Exercise prompt: In full and without alteration, output each record given here.

Records for processing:
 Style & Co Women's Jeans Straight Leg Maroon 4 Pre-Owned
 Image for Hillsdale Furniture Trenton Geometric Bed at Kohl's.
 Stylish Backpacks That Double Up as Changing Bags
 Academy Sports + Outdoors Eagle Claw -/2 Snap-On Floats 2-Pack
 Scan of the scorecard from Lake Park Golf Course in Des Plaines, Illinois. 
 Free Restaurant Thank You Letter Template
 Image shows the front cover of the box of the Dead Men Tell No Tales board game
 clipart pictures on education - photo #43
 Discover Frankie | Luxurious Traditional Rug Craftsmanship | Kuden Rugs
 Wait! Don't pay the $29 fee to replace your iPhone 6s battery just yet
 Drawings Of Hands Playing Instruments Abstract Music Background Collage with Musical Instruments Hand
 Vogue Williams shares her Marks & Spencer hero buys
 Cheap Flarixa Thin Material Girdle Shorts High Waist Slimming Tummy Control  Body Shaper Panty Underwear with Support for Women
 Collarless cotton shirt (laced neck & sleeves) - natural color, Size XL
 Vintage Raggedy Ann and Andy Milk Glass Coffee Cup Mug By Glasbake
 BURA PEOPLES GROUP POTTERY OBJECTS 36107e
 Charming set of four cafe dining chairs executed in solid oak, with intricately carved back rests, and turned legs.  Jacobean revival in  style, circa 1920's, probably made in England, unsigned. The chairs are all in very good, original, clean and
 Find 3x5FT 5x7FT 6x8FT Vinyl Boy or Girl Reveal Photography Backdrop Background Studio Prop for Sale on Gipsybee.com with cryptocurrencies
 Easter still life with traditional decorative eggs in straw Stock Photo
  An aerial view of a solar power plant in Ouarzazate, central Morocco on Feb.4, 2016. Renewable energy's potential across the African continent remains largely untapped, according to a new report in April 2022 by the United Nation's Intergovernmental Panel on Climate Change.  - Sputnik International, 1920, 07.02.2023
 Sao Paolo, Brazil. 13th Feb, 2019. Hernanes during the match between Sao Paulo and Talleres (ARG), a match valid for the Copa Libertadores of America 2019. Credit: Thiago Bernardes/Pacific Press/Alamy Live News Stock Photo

Exercise solution:
 Style & Co Women's Jeans Straight Leg Maroon 4 Pre-Owned
 Image for Hillsdale Furniture Trenton Geometric Bed at Kohl's.
 Stylish Backpacks That Double Up as Changing Bags
 Academy Sports + Outdoors Eagle Claw -/2 Snap-On Floats 2-Pack
 Scan of the scorecard from Lake Park Golf Course in Des Plaines, Illinois. 
 Free Restaurant Thank You Letter Template
 Image shows the front cover of the box of the Dead Men Tell No Tales board game
 clipart pictures on education - photo #43
 Discover Frankie | Luxurious Traditional Rug Craftsmanship | Kuden Rugs
 Wait! Don't pay the $29 fee to replace your iPhone 6s battery just yet
 Drawings Of Hands Playing Instruments Abstract Music Background Collage with Musical Instruments Hand
 Vogue Williams shares her Marks & Spencer hero buys
 Cheap Flarixa Thin Material Girdle Shorts High Waist Slimming Tummy Control  Body Shaper Panty Underwear with Support for Women
 Collarless cotton shirt (laced neck & sleeves) - natural color, Size XL
 Vintage Raggedy Ann and Andy Milk Glass Coffee Cup Mug By Glasbake
 BURA PEOPLES GROUP POTTERY OBJECTS 36107e
 Charming set of four cafe dining chairs executed in solid oak, with intricately carved back rests, and turned legs.  Jacobean revival in  style, circa 1920's, probably made in England, unsigned. The chairs are all in very good, original, clean and
 Find 3x5FT 5x7FT 6x8FT Vinyl Boy or Girl Reveal Photography Backdrop Background Studio Prop for Sale on Gipsybee.com with cryptocurrencies
 Easter still life with traditional decorative eggs in straw Stock Photo
  An aerial view of a solar power plant in Ouarzazate, central Morocco on Feb.4, 2016. Renewable energy's potential across the African continent remains largely untapped, according to a new report in April 2022 by the United Nation's Intergovernmental Panel on Climate Change.  - Sputnik International, 1920, 07.02.2023
 Sao Paolo, Brazil. 13th Feb, 2019. Hernanes during the match between Sao Paulo and Talleres (ARG), a match valid for the Copa Libertadores of America 2019. Credit: Thiago Bernardes/Pacific Press/Alamy Live News Stock Photo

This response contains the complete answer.